-- Data extract follows --

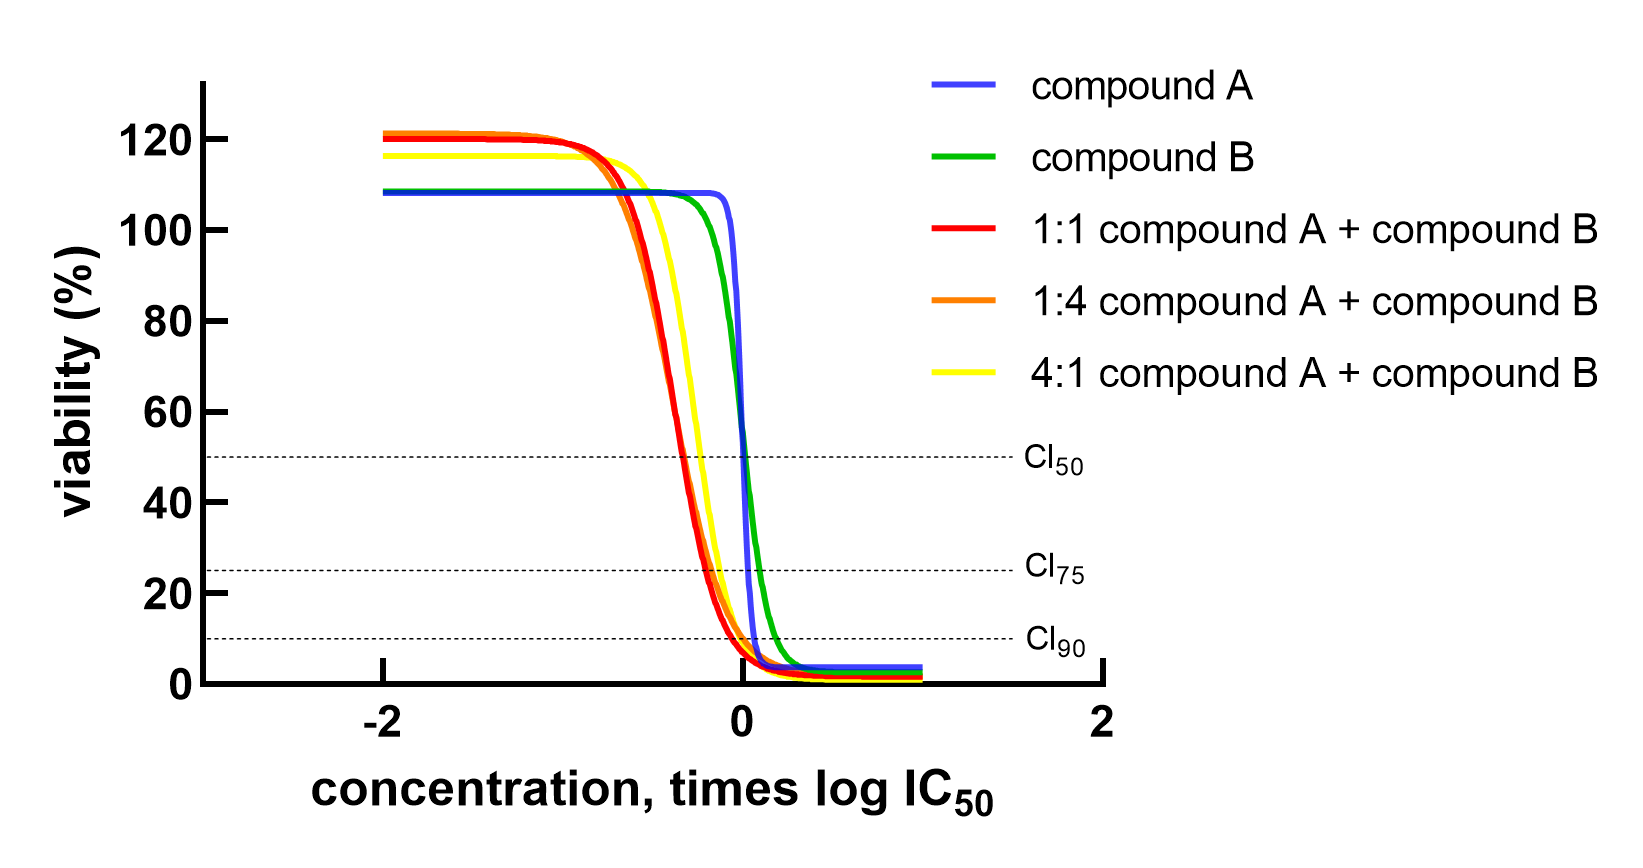 Dose response curves of single agents (green, blue) and fixed ratio mixtures (orange, yellow, red) allow for curve-shift analysis. Combination index is calculated at three different effect levels.
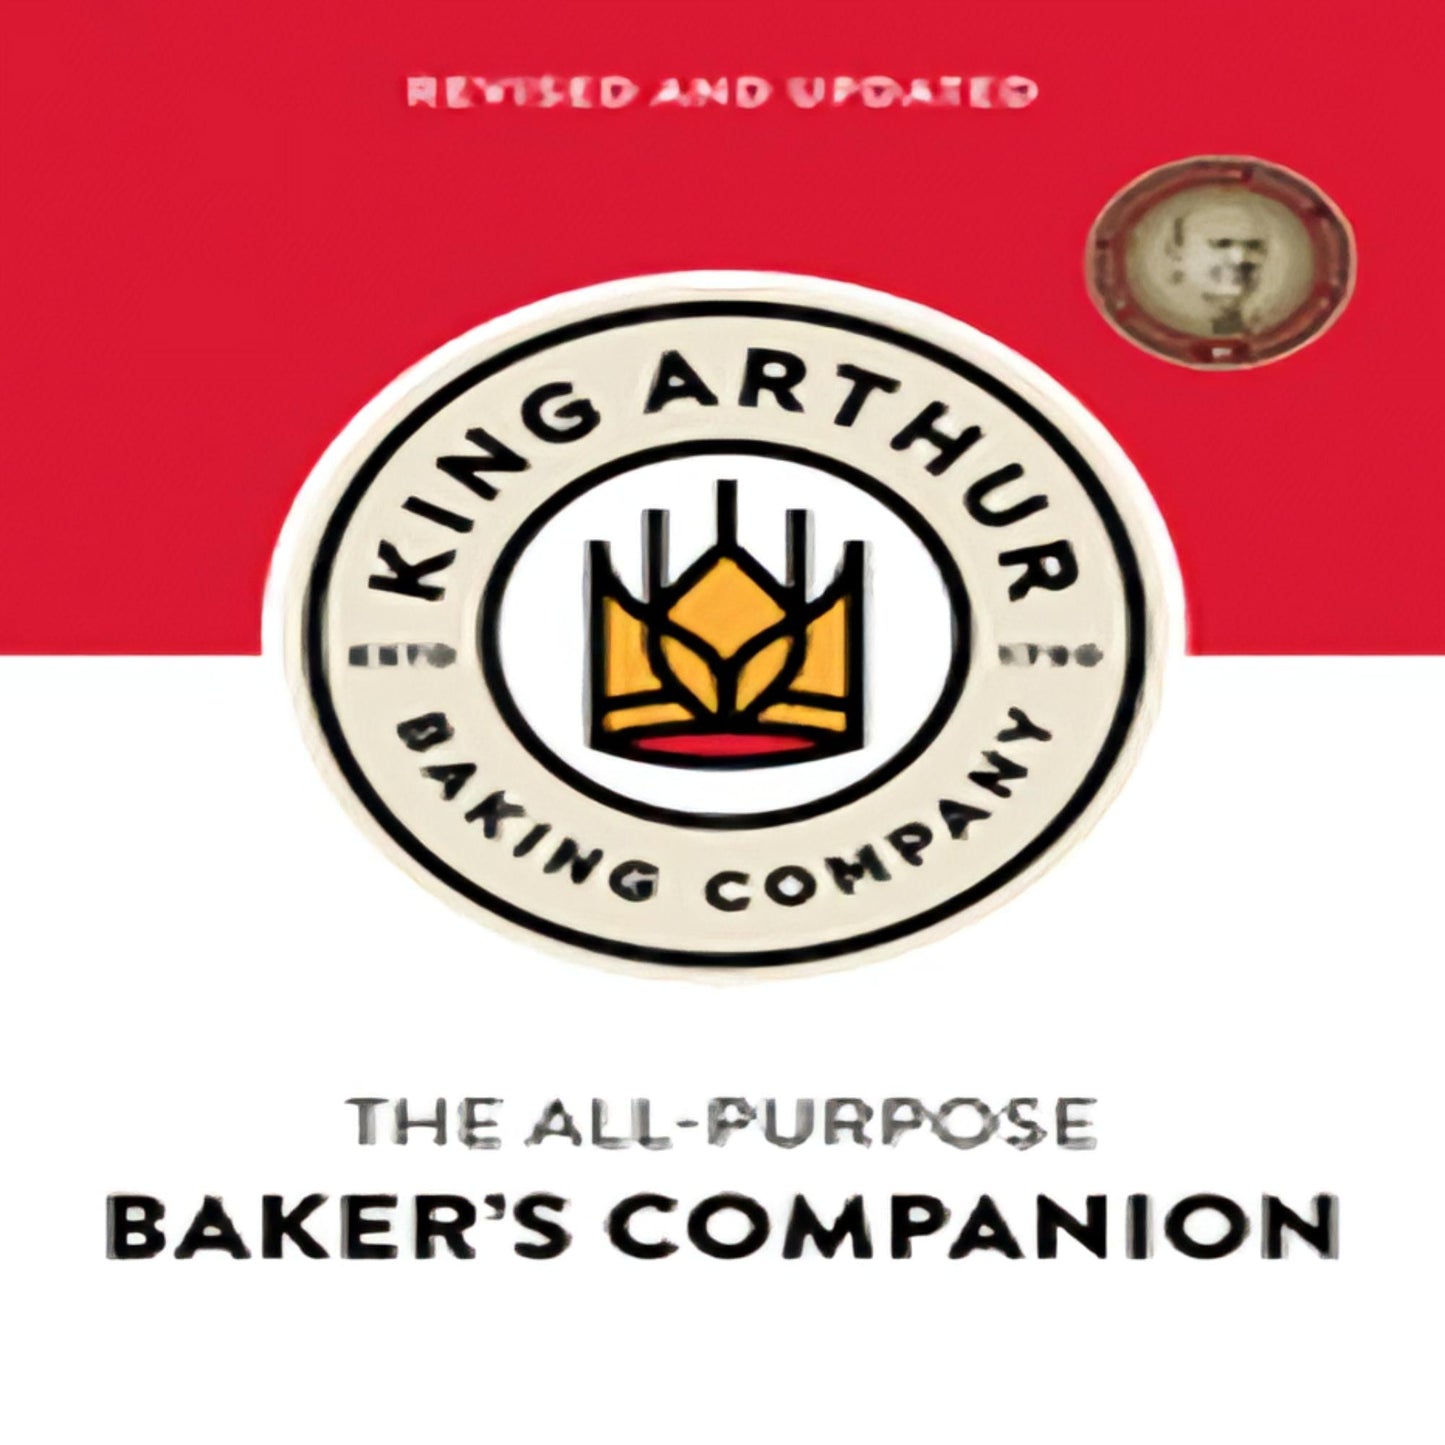 TEXTBOOK The King Arthur Baking Company's All-Purpose Baker's Companion (Revised and Updated)179-022823-1682686175DPGBOOKSTORE.COM. Today's Bestsellers.
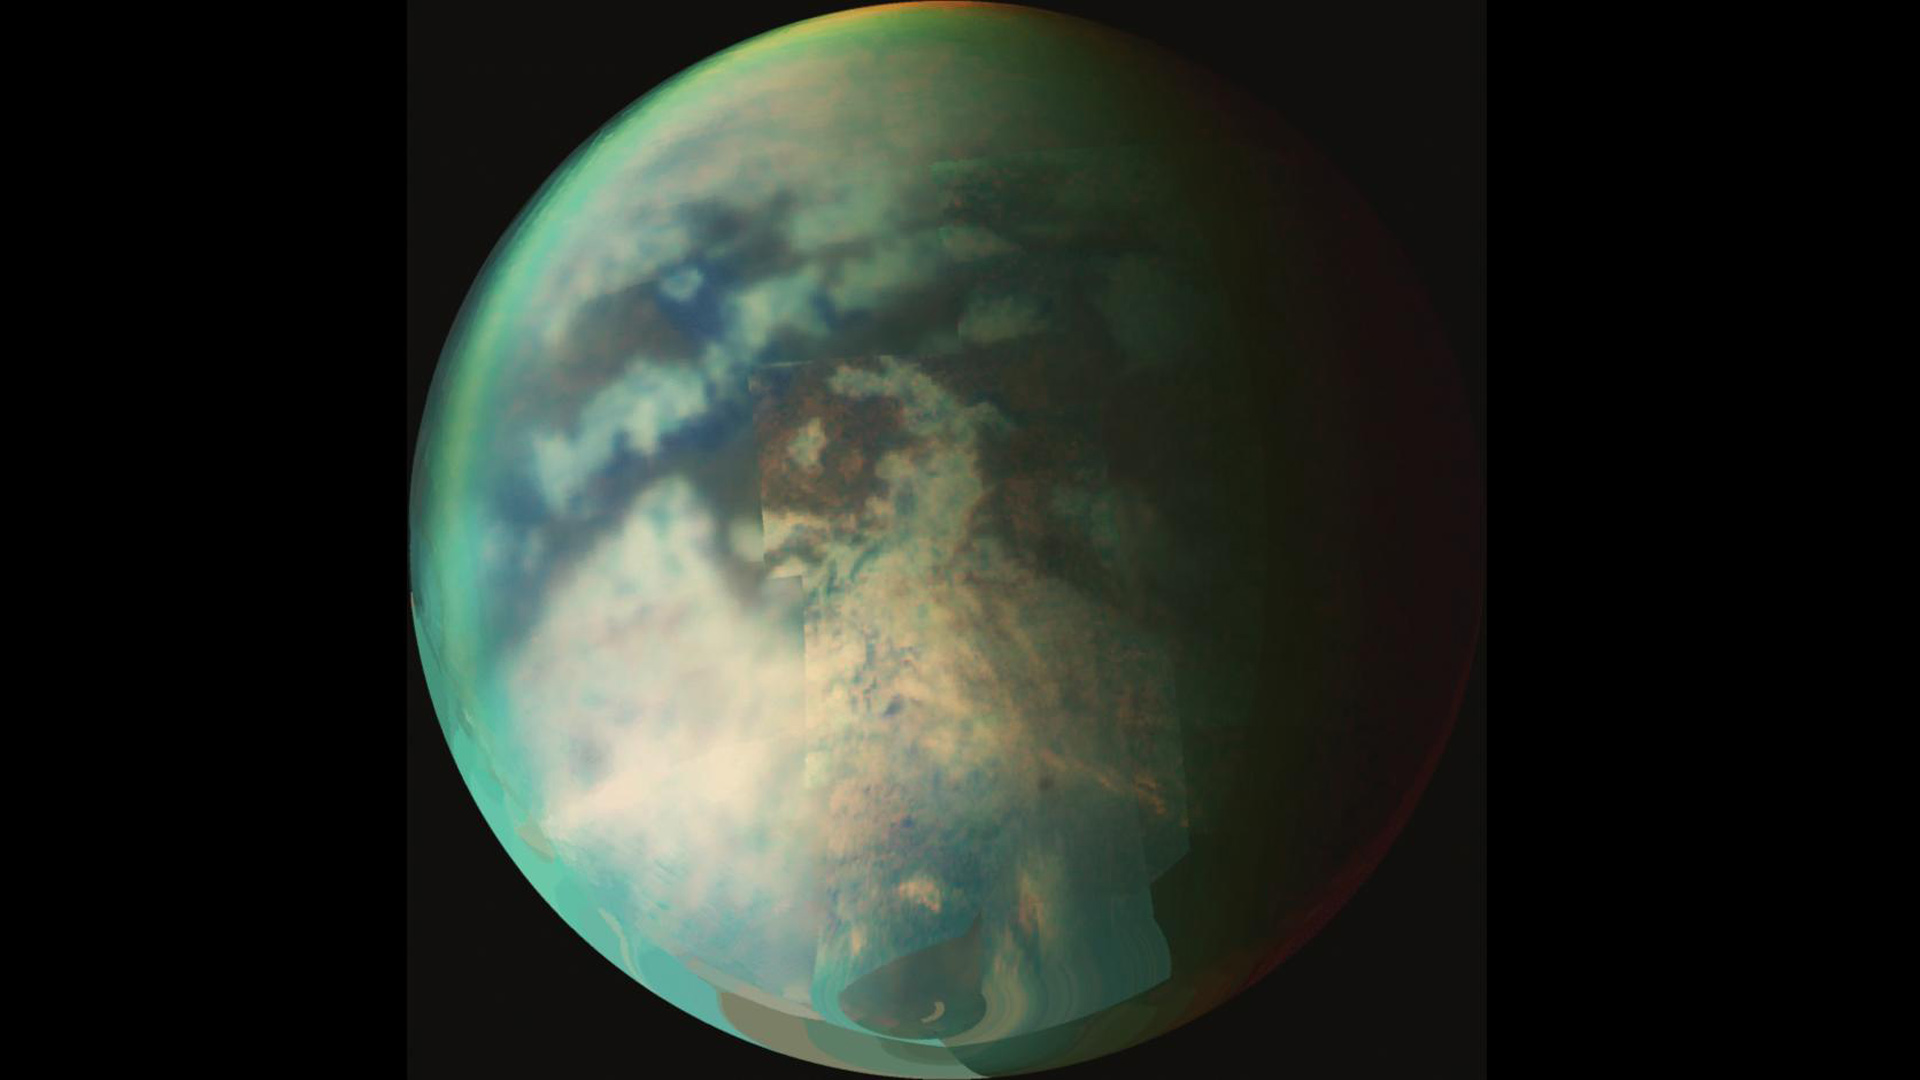 Saturn's moon Titan looks a bit like Earth but is actually very different.

-- Data extract concluded --

Repeat the full listing above exactly, with no pictures in the copy.

 Dose response curves of single agents (green, blue) and fixed ratio mixtures (orange, yellow, red) allow for curve-shift analysis. Combination index is calculated at three different effect levels.
 TEXTBOOK The King Arthur Baking Company's All-Purpose Baker's Companion (Revised and Updated)179-022823-1682686175DPGBOOKSTORE.COM. Today's Bestsellers.
 Saturn's moon Titan looks a bit like Earth but is actually very different.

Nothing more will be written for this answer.